Commentary on Ezekiel 37:1-14
Ezekiel’s vision of the dry bones coming to life is offered alongside the stories of death and life from John 11.
The passage also occurs at two other times: on Pentecost, and as part of the Easter Vigil. In each setting, a different dimension of Ezekiel 37 is foregrounded. Perhaps the story is best known from Pentecost, where the role of God’s spirit stands out most strikingly. The Hebrew word ruah, meaning “breath” and “wind” as well as “spirit,” is repeated ten times in these fourteen verses — four times in the climactic verse 9 alone:
Then he said to me, “Prophesy to the breath (ruah), prophesy, mortal, and say to the breath (ruah): Thus says the Lord GOD: Come from the four winds (ruah plural), O breath (ruah), and breathe upon these slain, that they may live” (Ezekiel 37:9).
But today the emphasis lies elsewhere, in the very question of death and life, offering listeners a gentle inoculation against the horrors to come in less than two weeks on Good Friday. Beside this story echo the pensive words of Psalm 130: “Out of the depths I cry to you … I wait for the Lord, my soul waits … more than those who watch for the morning.”
Ezekiel speaks from Babylon, exiled from a country that has died, its temple and capital city destroyed. Like earlier prophets, Ezekiel understands this disaster not simply as the unfortunate result of Babylon’s empire-building. To him, since nothing can happen unless God allows it, Judah’s people and especially their leaders brought this devastation upon themselves by their disobedience to God.

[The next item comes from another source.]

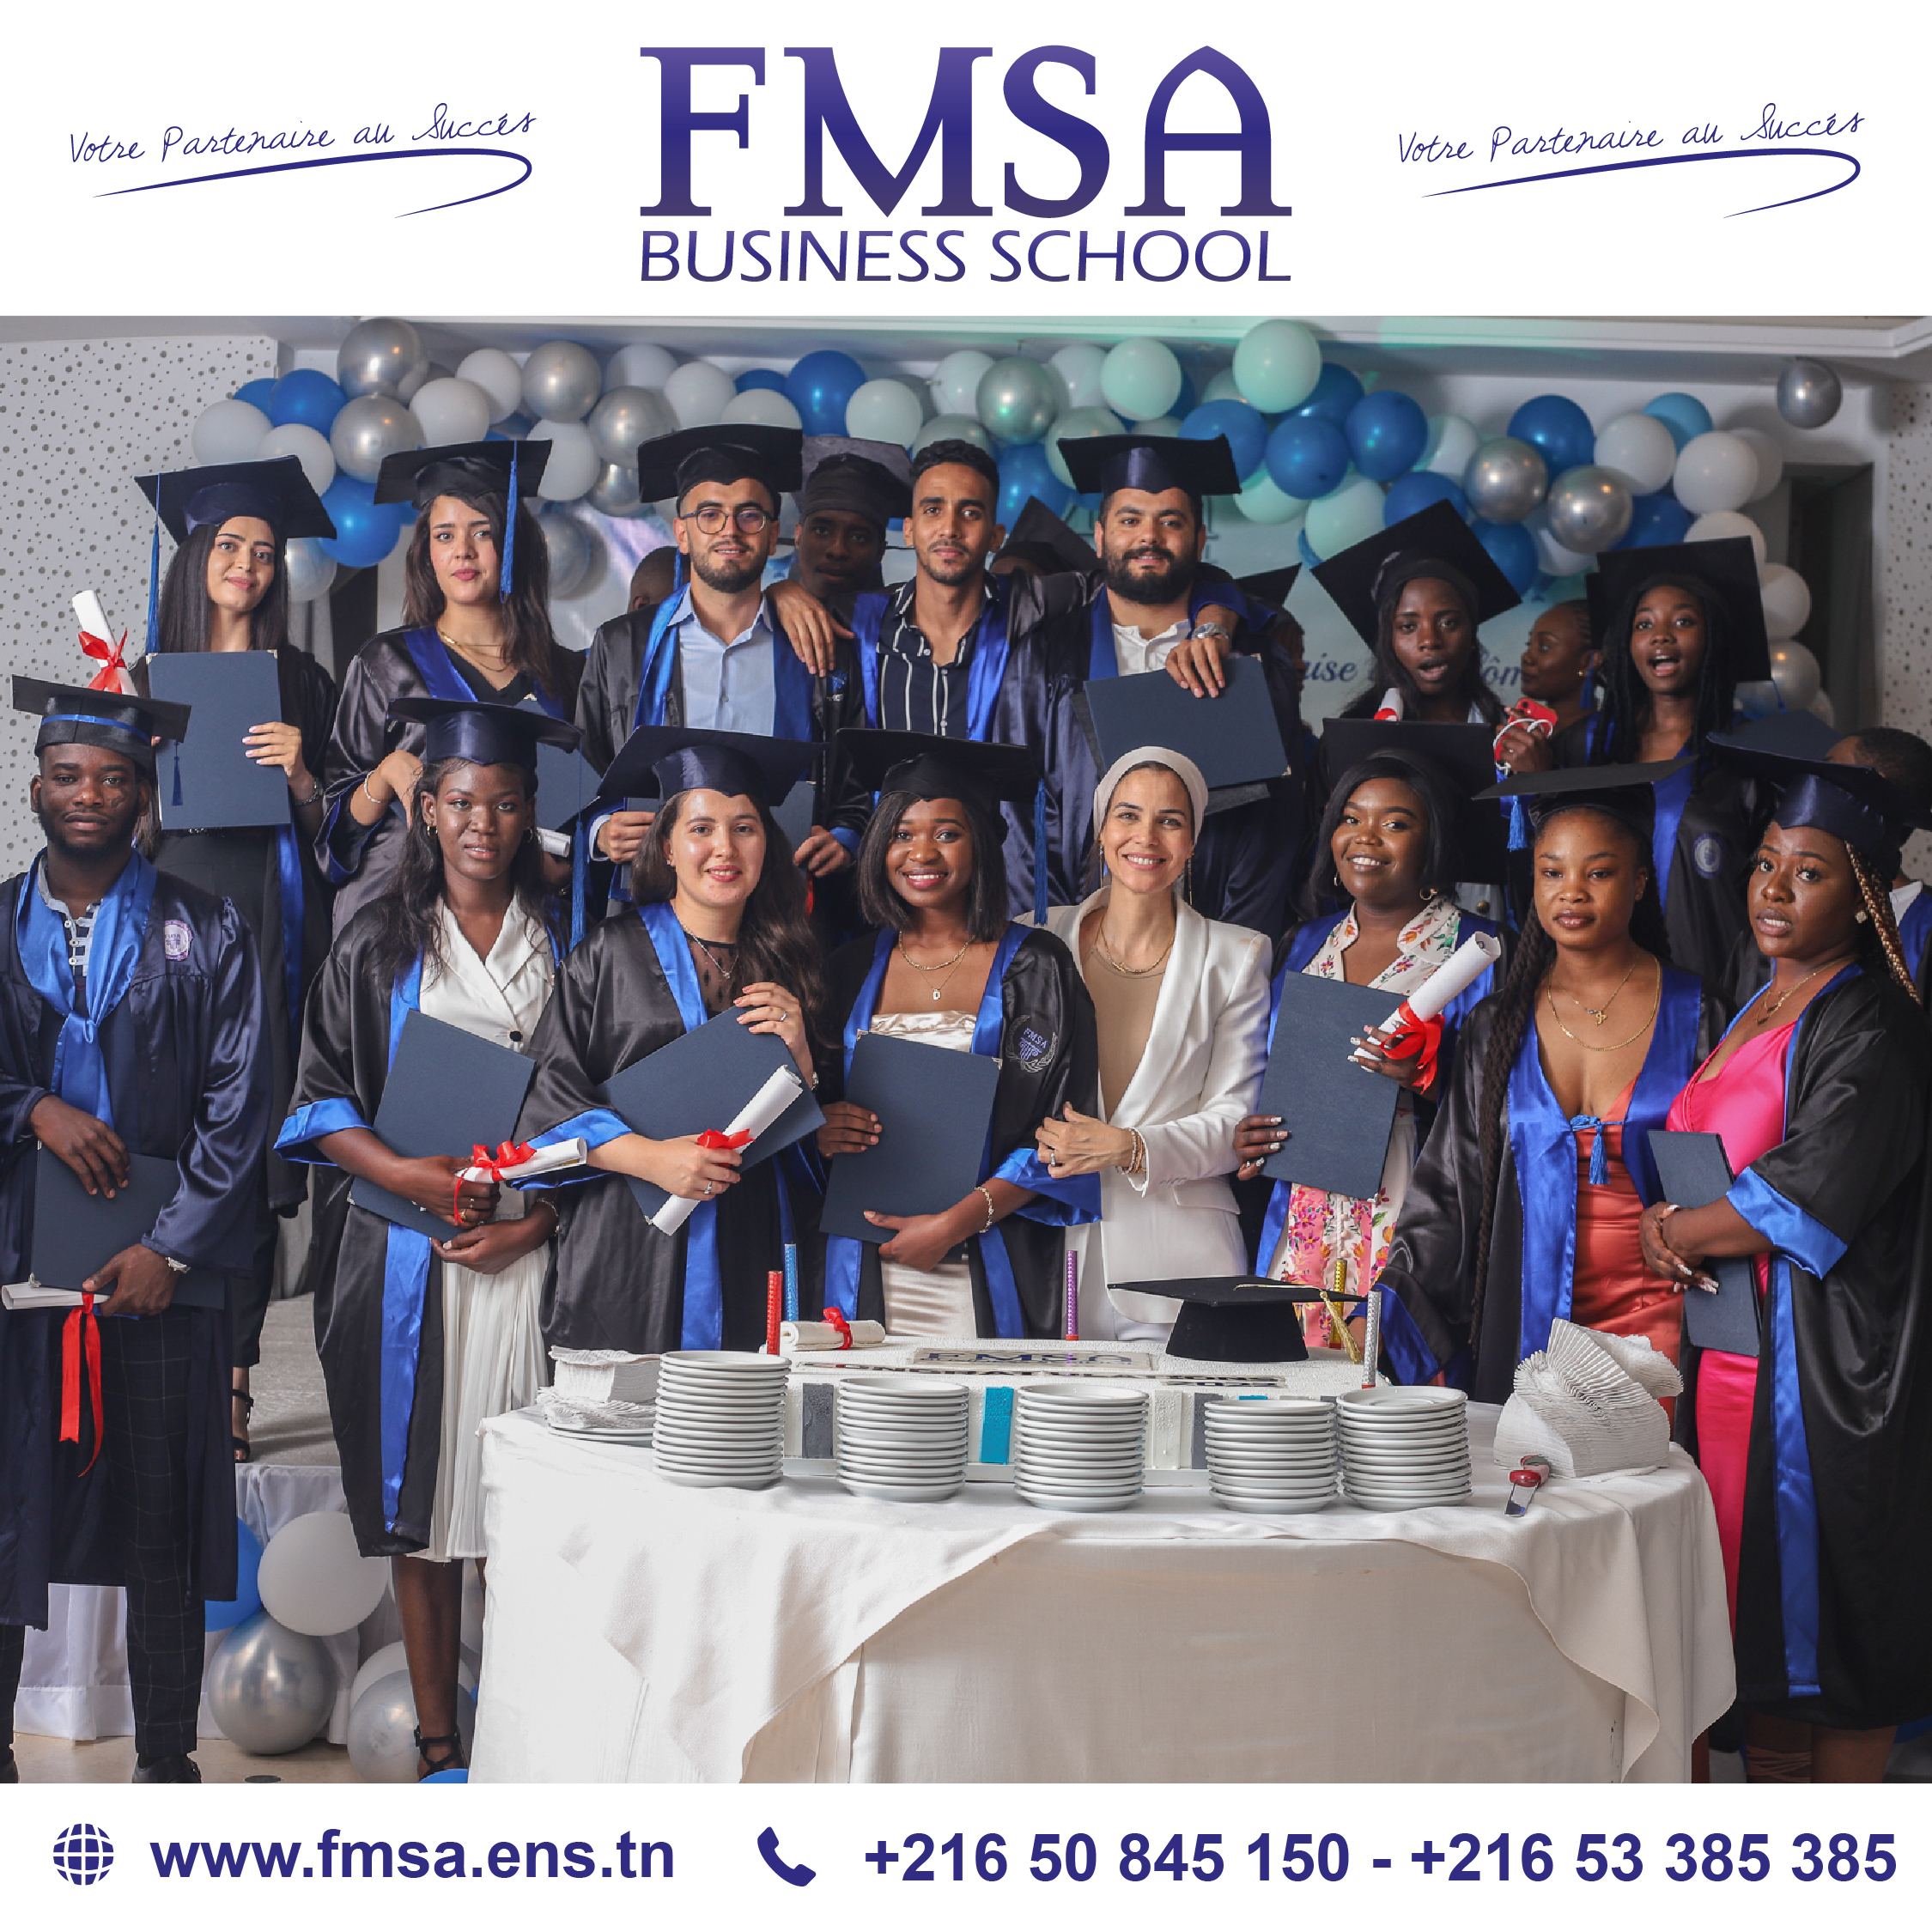 Fête de remise des diplômes de la FMSA

The prophet is understandably pessimistic about human goodness. He insists that individuals are utterly free to make moral choices and utterly responsible for the consequences of these choices. Each individual is given the chance to make decisions that may be life-giving or death-dealing (Ezekiel 18). Yet Ezekiel sees little evidence that Judeans will choose more wisely in the future than they have in the past. Though blessed with moral agency, they are no more able to use this faculty well than lifeless bones are able to get up and walk. This conundrum in Ezekiel’s theology could have led to an unspeakable impasse.

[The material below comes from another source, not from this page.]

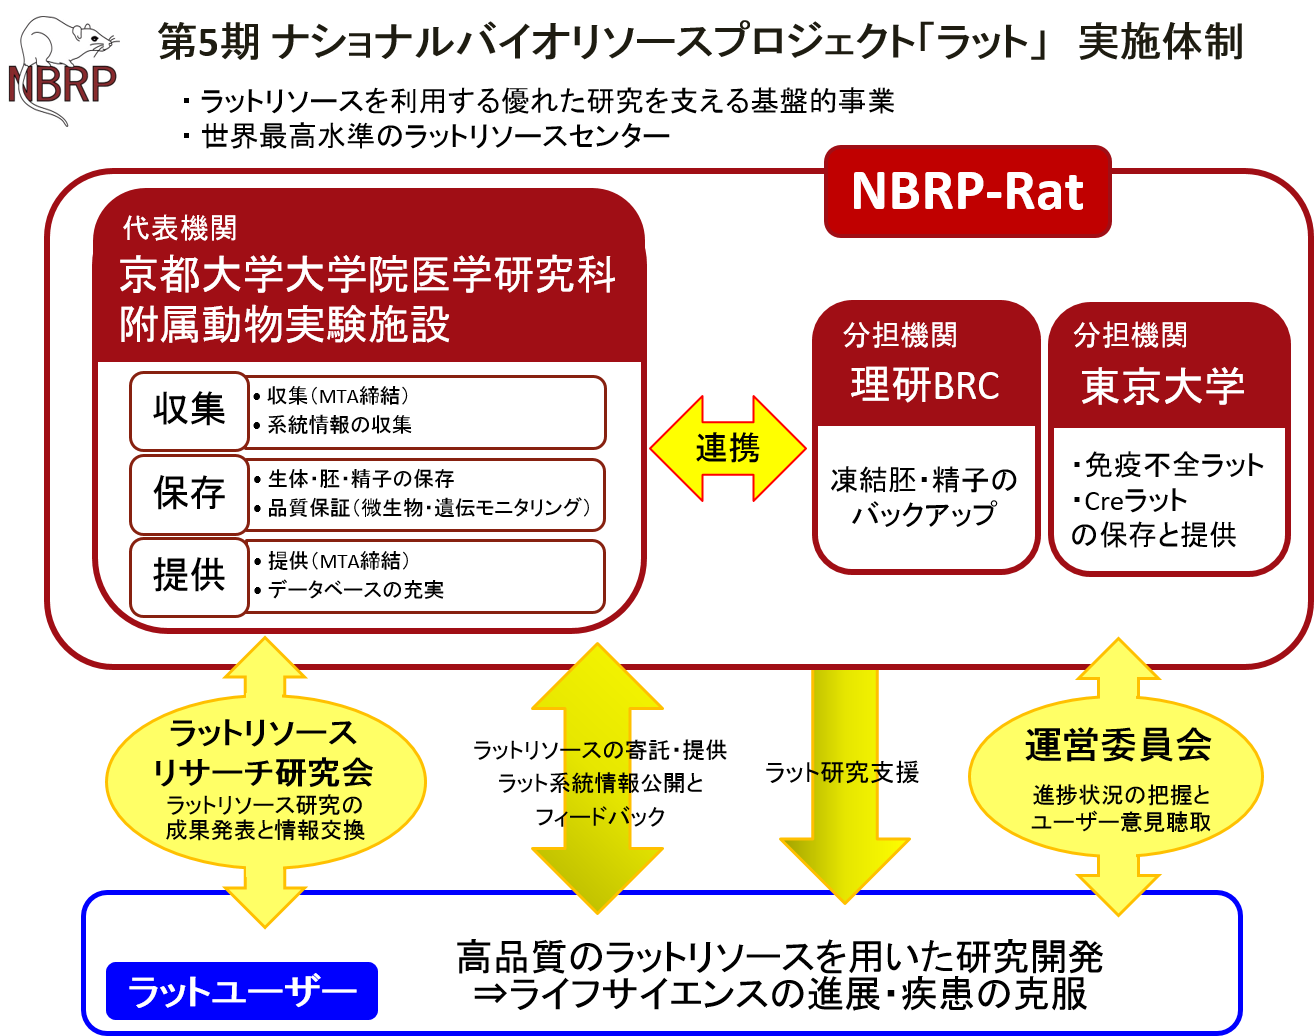 NBRP structure

But Ezekiel discovers divine grace instead. This grace initiated the whole human enterprise by making humans from dust and breathing into them the breath, ruah, of life (Genesis 2:7). God likewise initiated the entire Israelite project, choosing to take slaves from Egypt, giving them God’s own law, and bringing them to a good land — and doing this with minimal cooperation (Ezekiel 20:5-14). Now, Ezekiel says, God will take the initiative yet again: God’s spirit will bring new life to a people dead as stone, dead as bones.

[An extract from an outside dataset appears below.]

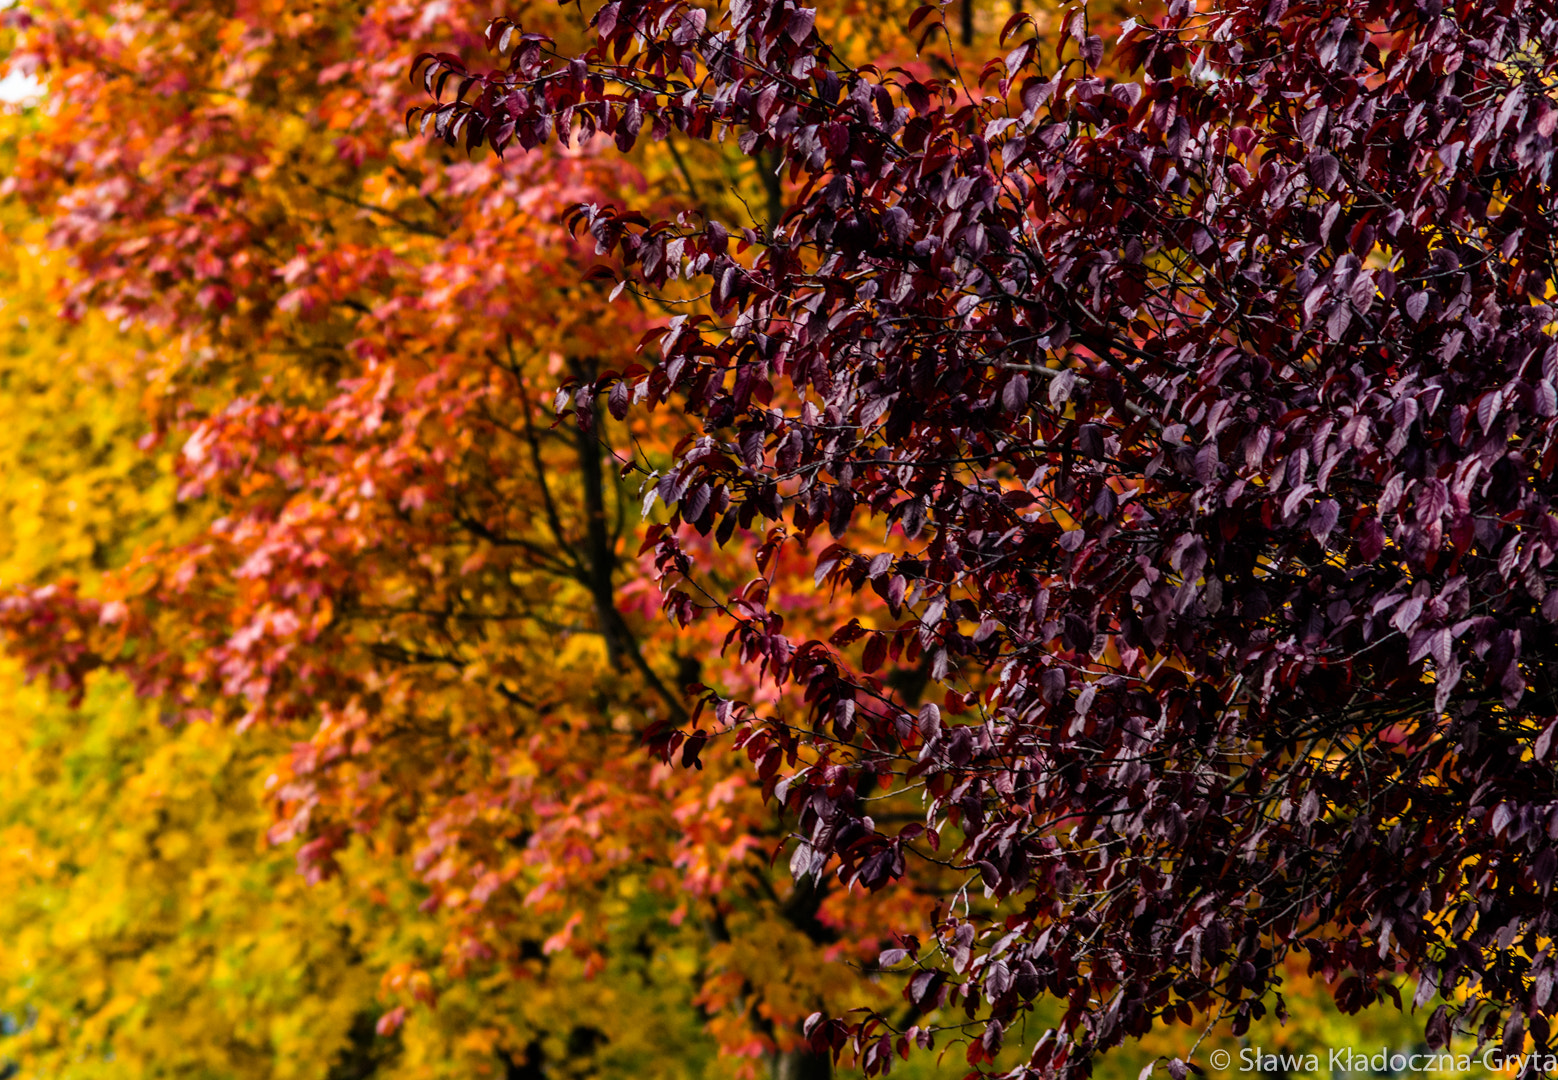 Nikon D7100 + AF Zoom-Nikkor 70-210mm f/4 sample photo. Autumn photography

This vision of dry bones coming to life is closely related to a saying that has already appeared twice in the book. In Ezekiel 11, speaking for God, the prophet has already said of the exiles:
I will give them one heart, and put a new spirit within them; I will remove the heart of stone from their flesh and give them a heart of flesh, so that they may follow my statutes and keep my ordinances and obey them. Then they shall be my people, and I will be their God. (Ezekiel 11:19-20)
And again in Ezekiel 36:
A new heart I will give you, and a new spirit I will put within you; and I will remove from your body the heart of stone and give you a heart of flesh. I will put my spirit within you, and make you follow my statutes and be careful to observe my ordinances. Then you shall live in the land that I gave to your ancestors; and you shall be my people, and I will be your God. (Ezekiel 36:26-28)
This new heart is nothing the people can obtain for themselves. The new spirit is not their own, but God’s, a spirit enabling them to do what they could not before, to live as holy people before Holy God. The prophet spells out the divine intent in these two sayings, and in the story of the dry bones he shows it.
Divine initiative and human action are interwoven throughout this passage. It is God who leads Ezekiel to the valley and directs his attention and speech. It is the prophet who sees, and describes, the utterly dry bones, and responds by doing as he is asked, ordering the desiccated bones to hear God’s word. As he does so, with no help from the bones themselves (what could the dead do?), God brings them together.
God adds sinews, tendons to attach them; flesh, muscles to make them strong, and skin to give them form. Yet still they lie lifeless. It is only when God tells the prophet to speak to the ruah — the spirit, or breath — and Ezekiel does so, that the spirit breath blows from the four winds and the bodies live and stand. Divine agency and human response appear interwoven, if not inextricable. Initiative comes from God, who makes sure the prophet participates. Ezekiel calls to the spirit; the spirit enters the people; they come to life, a vast multitude.
Only grace fills the gap between what we are made for and what we ourselves can manage.